Arya Kamal Narayan, Pandian Shanta, Agarwal G G, Chaudhary Neera, Joshi Akshay Kumar
Department of Occupational Therapy, Pandit Deendayal Upadhyaya National Institute for Persons with Physical Disabilities, 4 Vishnu Digamber Marg, New Delhi, 110002, India.
Department of Statistics, Lucknow University, Lucknow, India.
Neurol Res Pract. 2021 Feb 4;3(1):8. doi: 10.1186/s42466-021-00108-1.
Up to 2/3rd of the stroke subjects may experience impairment in any of the somatosensory modalities such as light touch, proprioception, and stereognosis. The sensory recovery is strongly associated with the level of motor recovery. Very negligible sensory-based interventions have been developed and found to be evident in enhancing the sensory deficit and associated motor recovery. The possible factor for the ineffectiveness of these sensory interventions could be lack of the neuroscientific basis in formulation of the program. Thus, the objective of the study is to determine the effectiveness of a neuralplasticity-principles-based sensory-rehabilitation protocol on motor and sensory recovery, and disability of the post-stroke hemiparetic subjects.

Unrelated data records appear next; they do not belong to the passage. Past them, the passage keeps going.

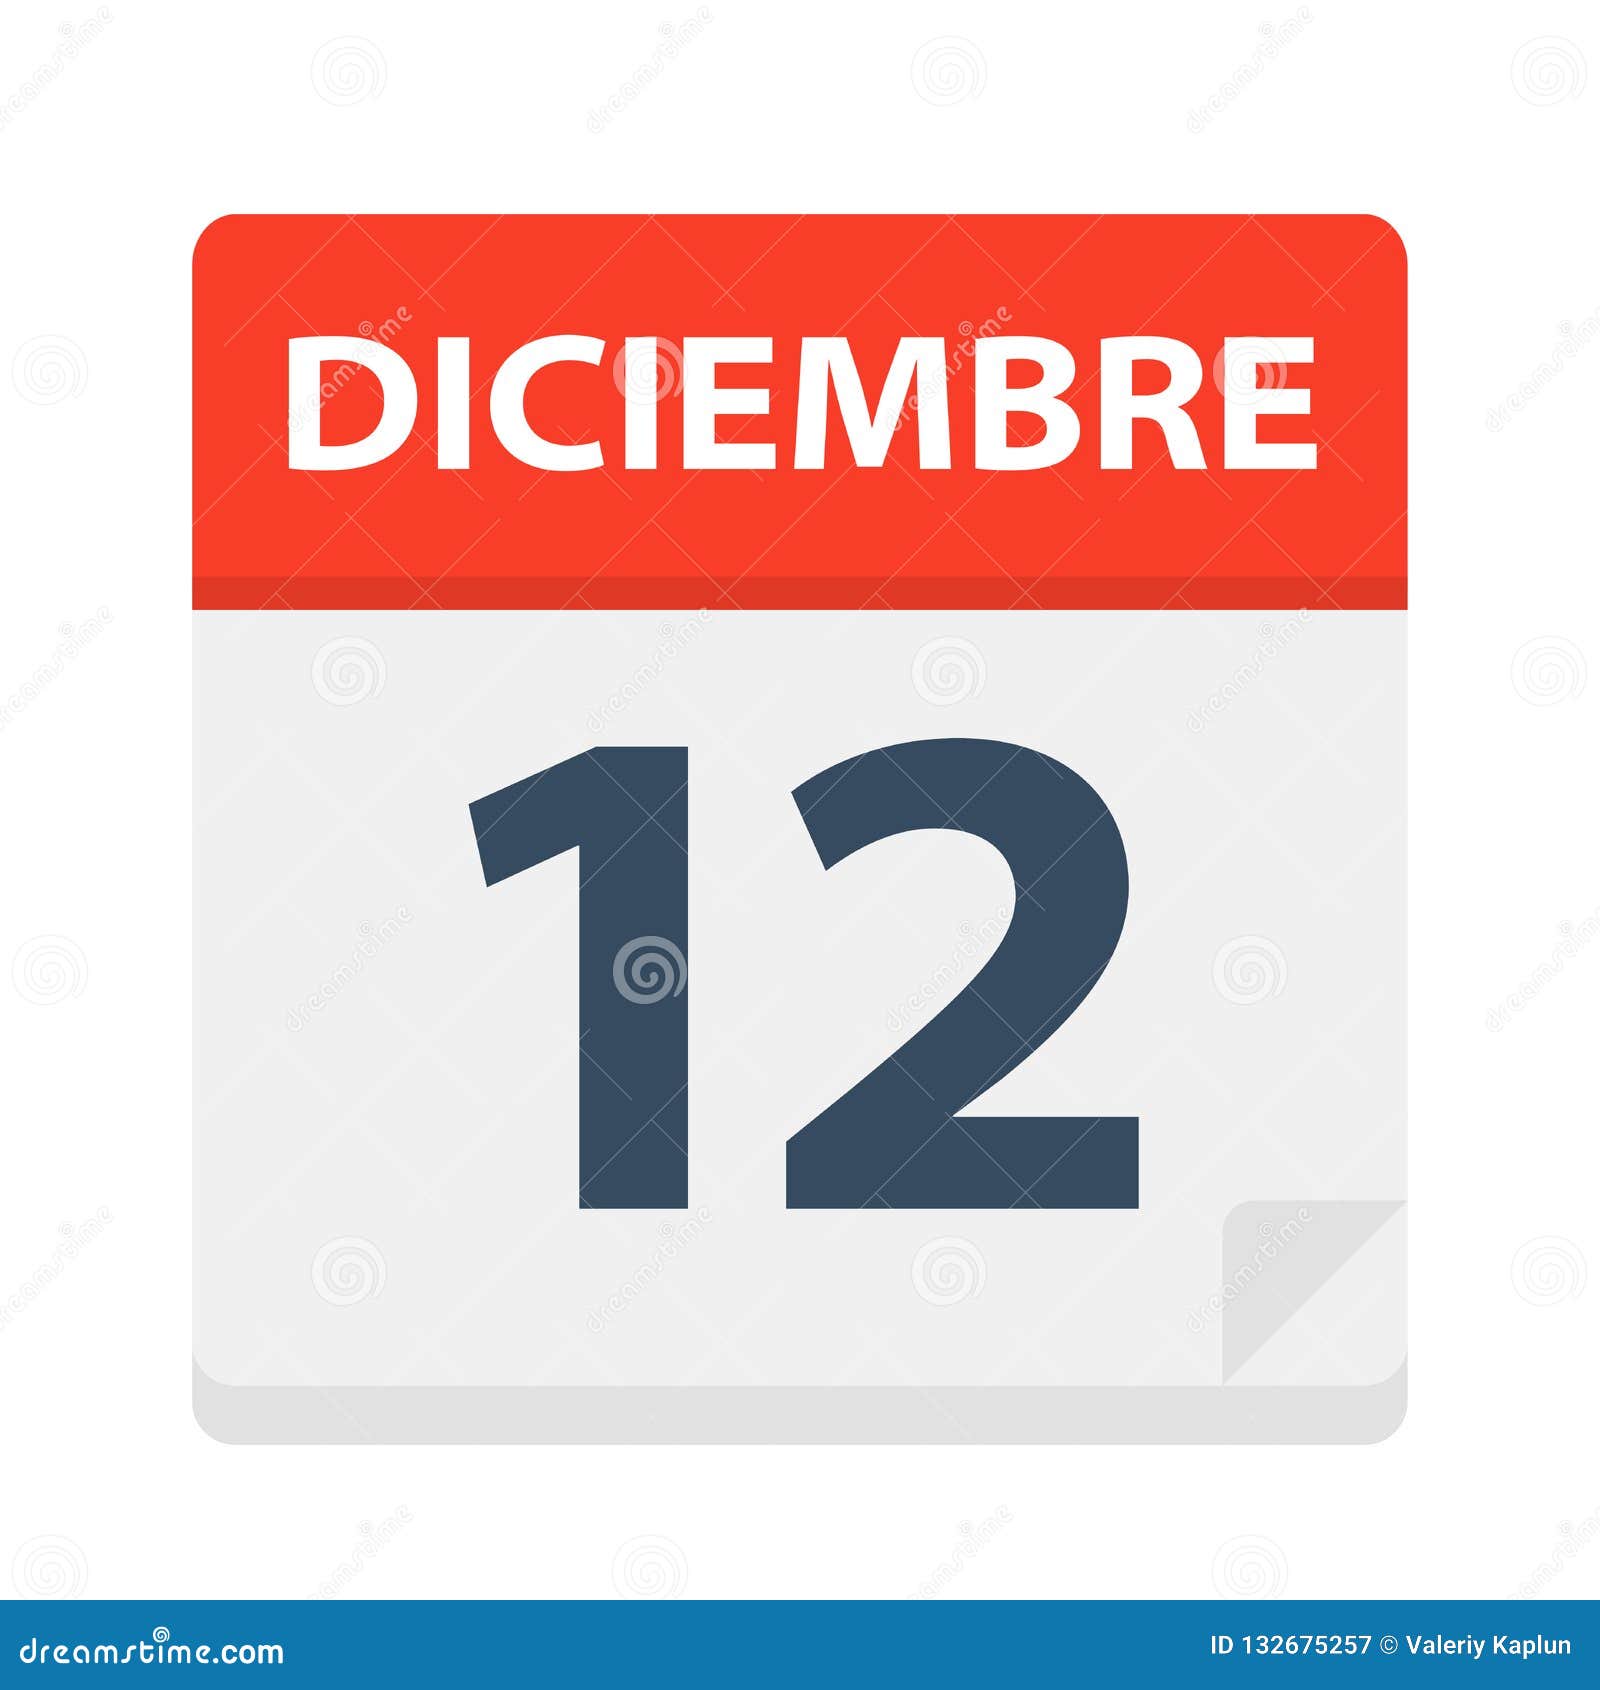 diciembre 12 - calendar icon - december 12.   of spanish calendar leaf
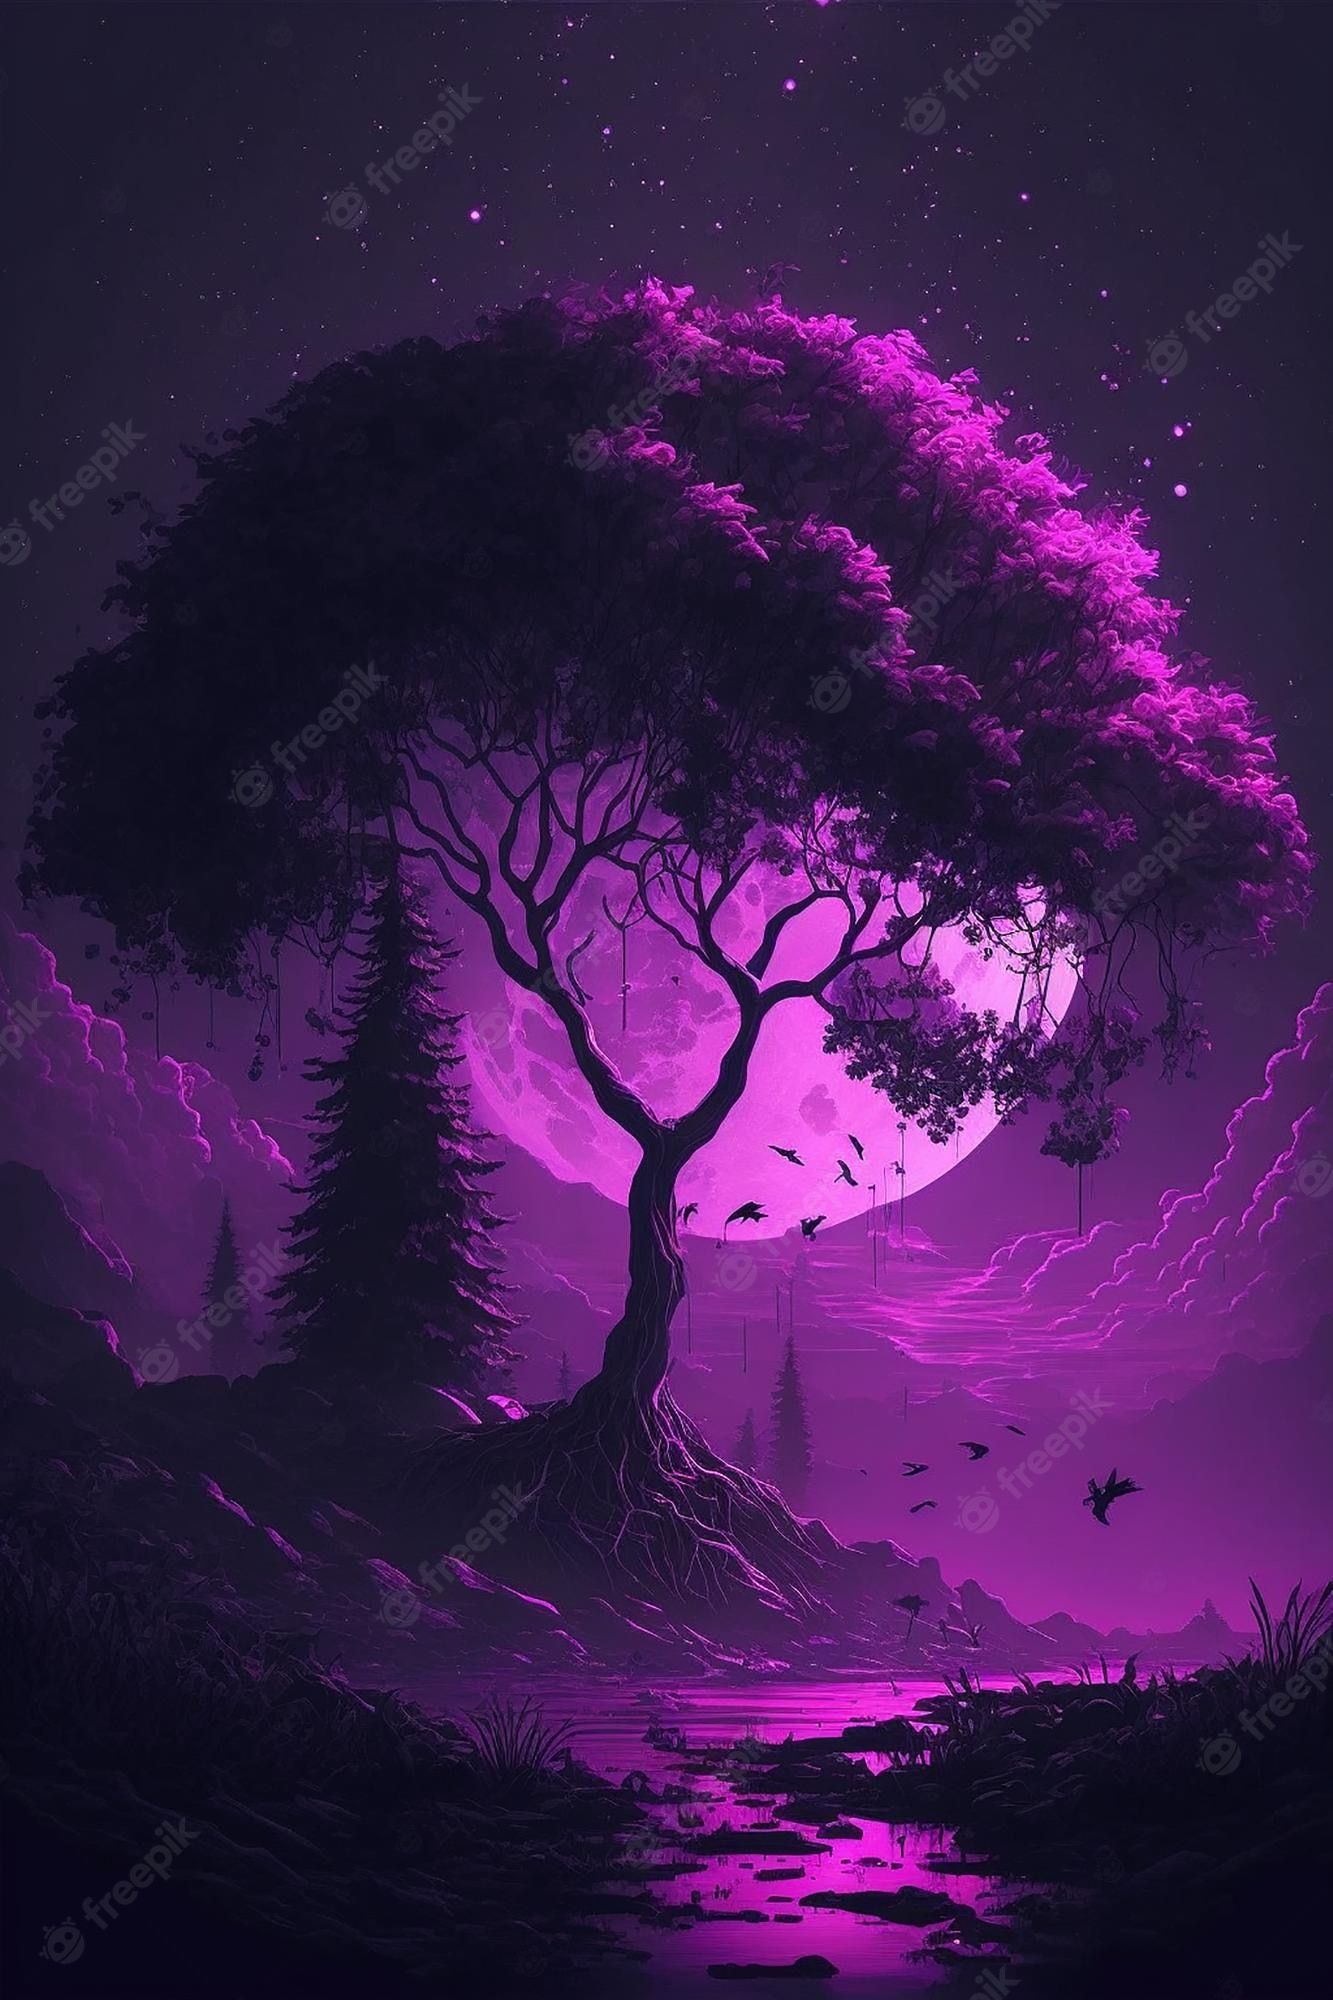 A tree in the night sky - Dark purple
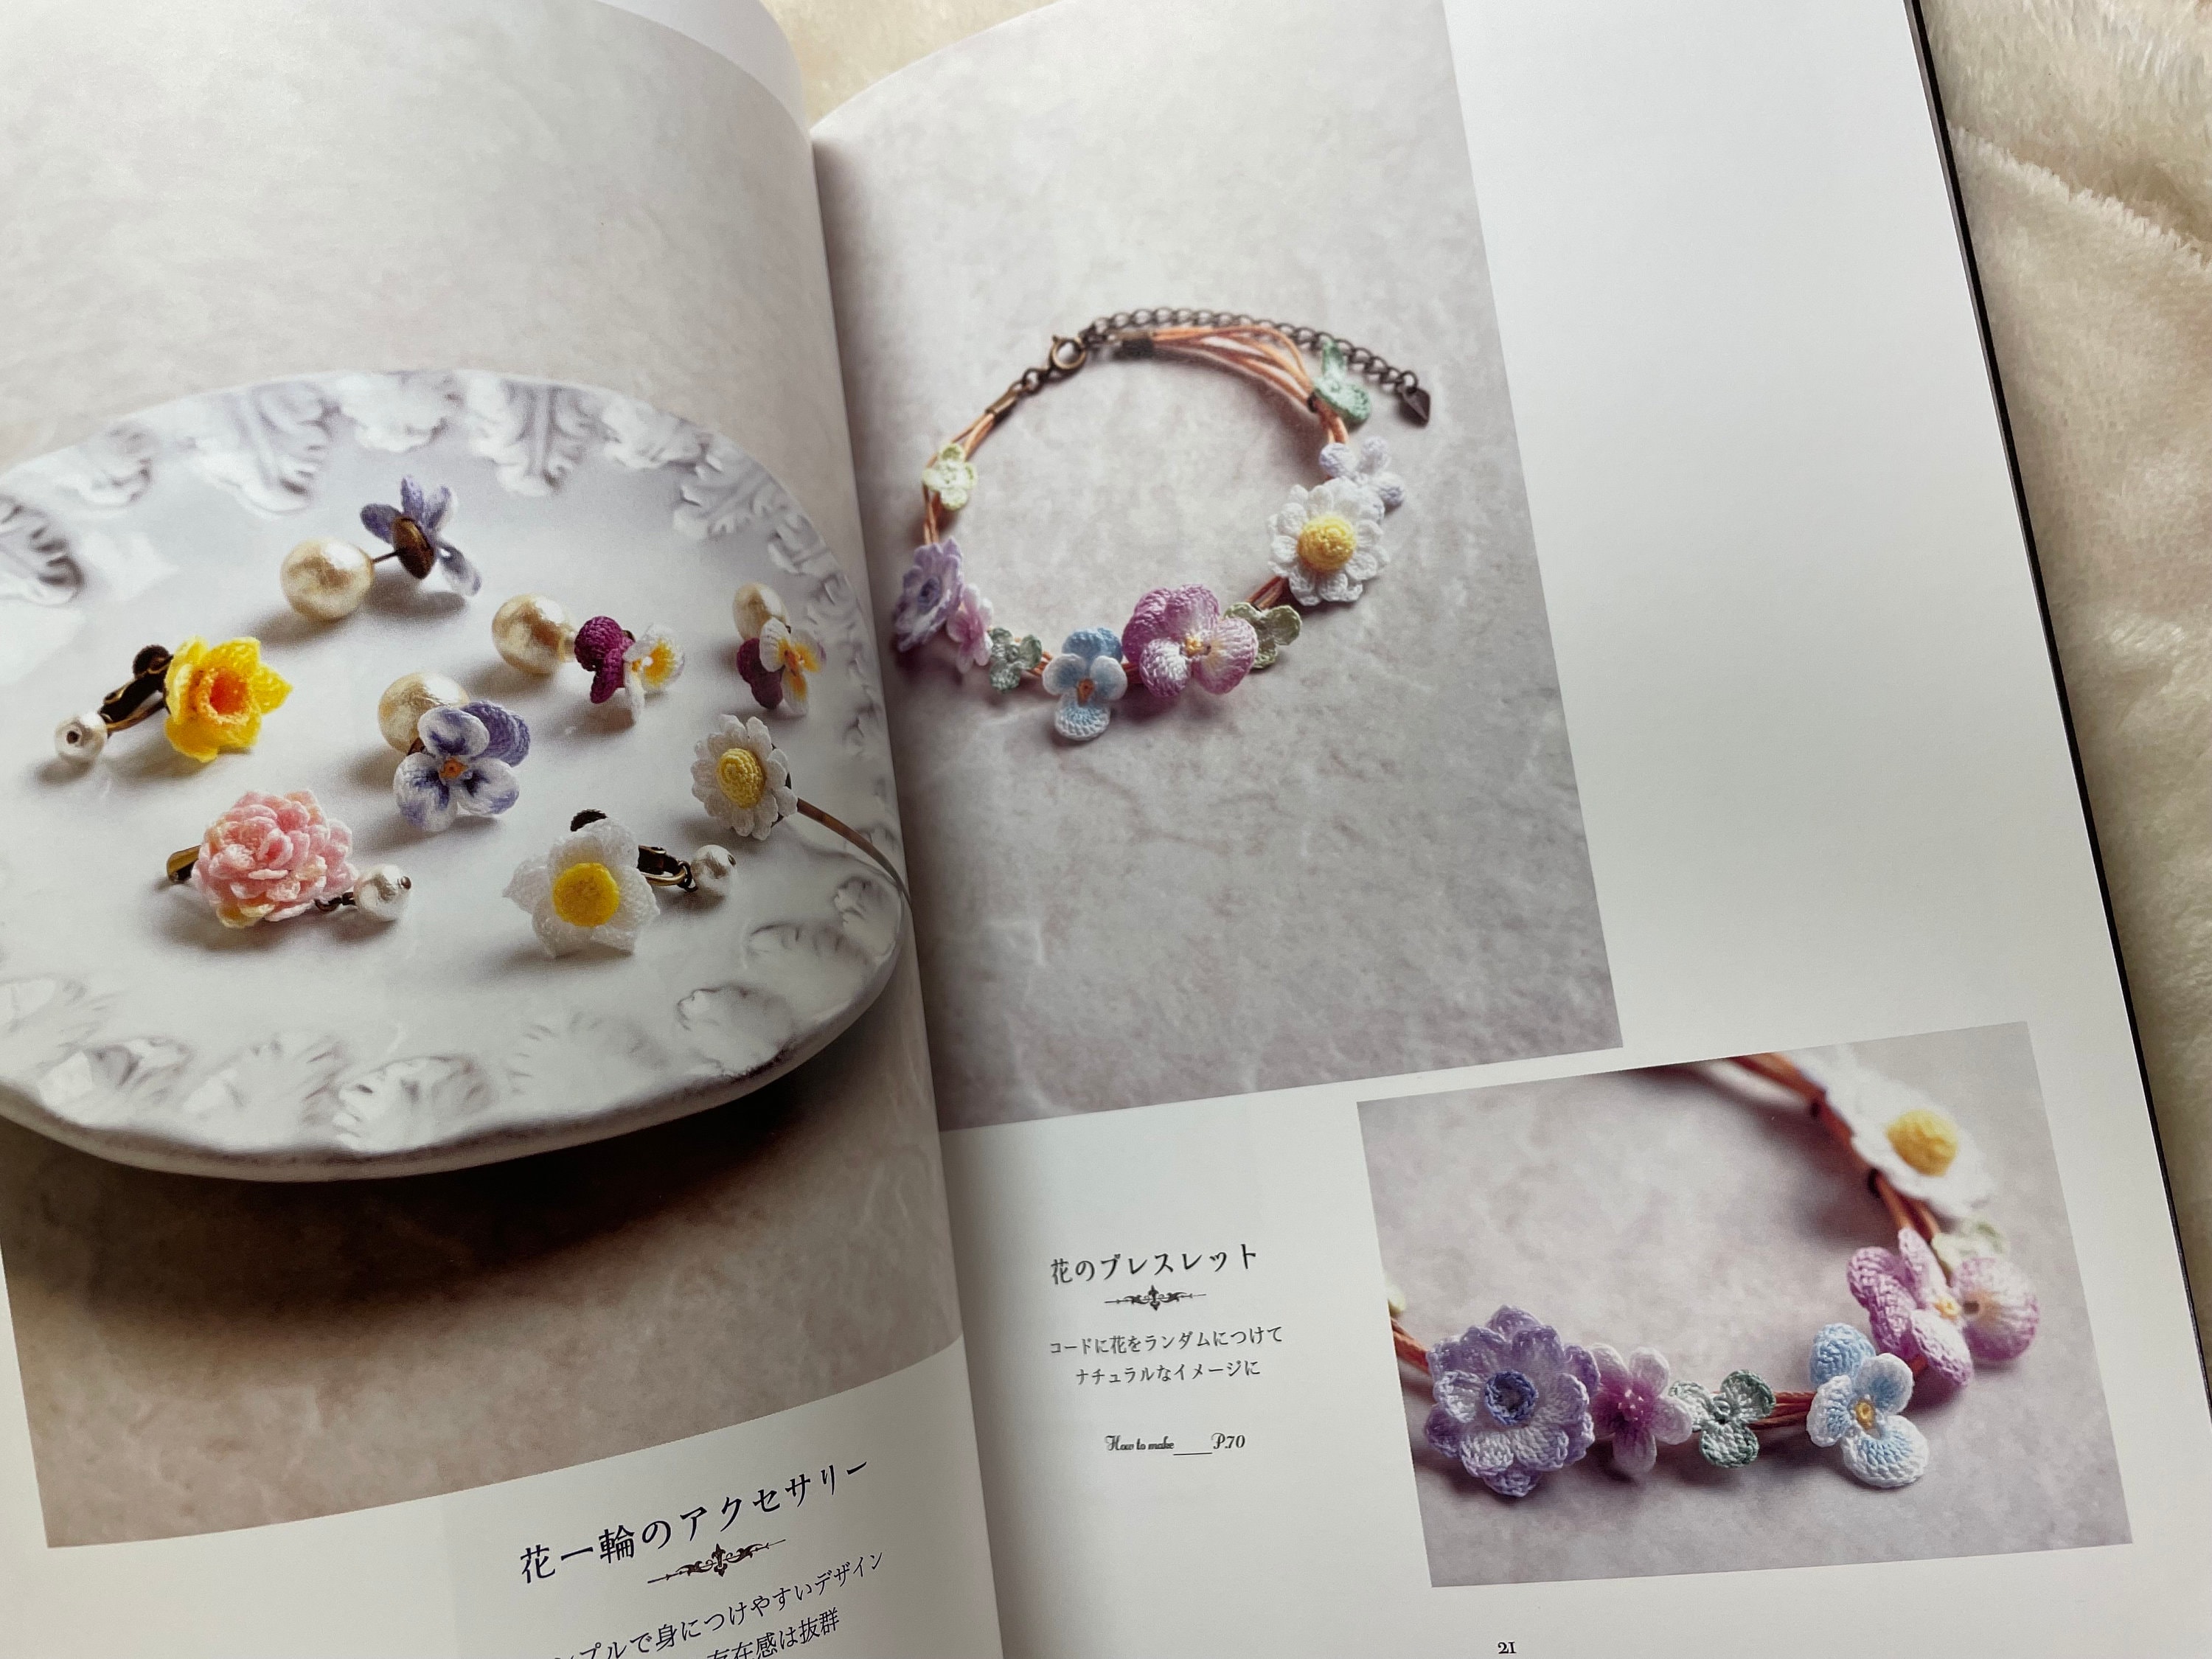 All-New Twenty to Make: Flowers to Crochet [Book]

We propose to recruit 122 poststroke subjects in a randomized controlled, assessor blinded trial to be conducted in a rehabilitation-institute. The key eligibility criteria is age between 20 to 80 years, hemiparesis (right or left), ischemic or hemorrhagic stroke, 1 to 12 months poststroke, and impairment in any of the sensory modalities. The participants in the experimental group will receive NEuroplasticity-Principles-based SEnsory-Rehabilitation (NEPSER) protocol comprising active, repetitive, and meaningful training of the specific sensory modalities utilizing visuo-perceptual, cognitive, motor, and functional tasks will be imparted for 8 weeks, 5 sessions / week, each of 2 h. The control subjects will undergo only standard rehabilitation based on neurophysiological, biomechanical, and rehabilitative approaches. All the participants will be assessed for motor (Fugl-Meyer assessment, upper extremity section) and sensory recovery [Nottingham Sensory assessment (Erasmus MC modification of the revised version)] at baseline, 8-week, and 12-week follow-up. The Semmes weinstein monofilament, two-point discrimination test and modified rankin scale (disability) will be applied as secondary measures. A repeated-measures 2-way ANOVA will be used to estimate difference for the post intervention and follow-up scores between the groups.
The proposed study will lead to development of a novel rehabilitation protocol that will not only enhance the sensory recovery but also the motor and functional recovery. This may reduce the impact of stroke disability and enhance the quality of life.
The trial has been registered under Clinical Trial Registry of India (CTRI) as CTRI/2019/09/021442 on 30th September 2019.
多达三分之二的中风患者可能会在任何一种躯体感觉模式上出现损伤,如轻触觉、本体感觉和实体觉。感觉恢复与运动恢复水平密切相关。目前针对感觉障碍所开展的干预措施少之又少,而且在改善感觉缺陷及相关运动恢复方面的效果也不明显。这些感觉干预措施无效的可能原因在于方案制定过程中缺乏神经科学依据。因此,本研究的目的是确定基于神经可塑性原理的感觉康复方案对中风后偏瘫患者运动和感觉恢复以及残疾状况的有效性。
我们计划在一家康复机构开展一项随机对照、评估者盲法试验,招募122名中风后患者。主要纳入标准为年龄在20至80岁之间、偏瘫(右侧或左侧)、缺血性或出血性中风、中风后1至12个月以及存在任何一种感觉模式损伤。实验组的参与者将接受基于神经可塑性原理的感觉康复(NEPSER)方案,包括利用视觉感知、认知、运动和功能任务对特定感觉模式进行主动、重复且有意义的训练,为期8周,每周5次,每次2小时。对照组仅接受基于神经生理学、生物力学和康复方法的标准康复治疗。所有参与者将在基线、8周和12周随访时接受运动(Fugl-Meyer评估,上肢部分)和感觉恢复[诺丁汉感觉评估(修订版的伊拉斯姆斯医学中心改良版)]评估。Semmes weinstein单丝、两点辨别试验和改良Rankin量表(残疾程度)将作为次要测量指标。采用重复测量双向方差分析来估计两组干预后及随访评分的差异。
本研究有望开发出一种新型康复方案,不仅能促进感觉恢复,还能促进运动和功能恢复。这可能会减轻中风残疾的影响,提高生活质量。
该试验已于2019年9月30日在印度临床试验注册中心(CTRI)注册,注册号为CTRI/2019/09/021442。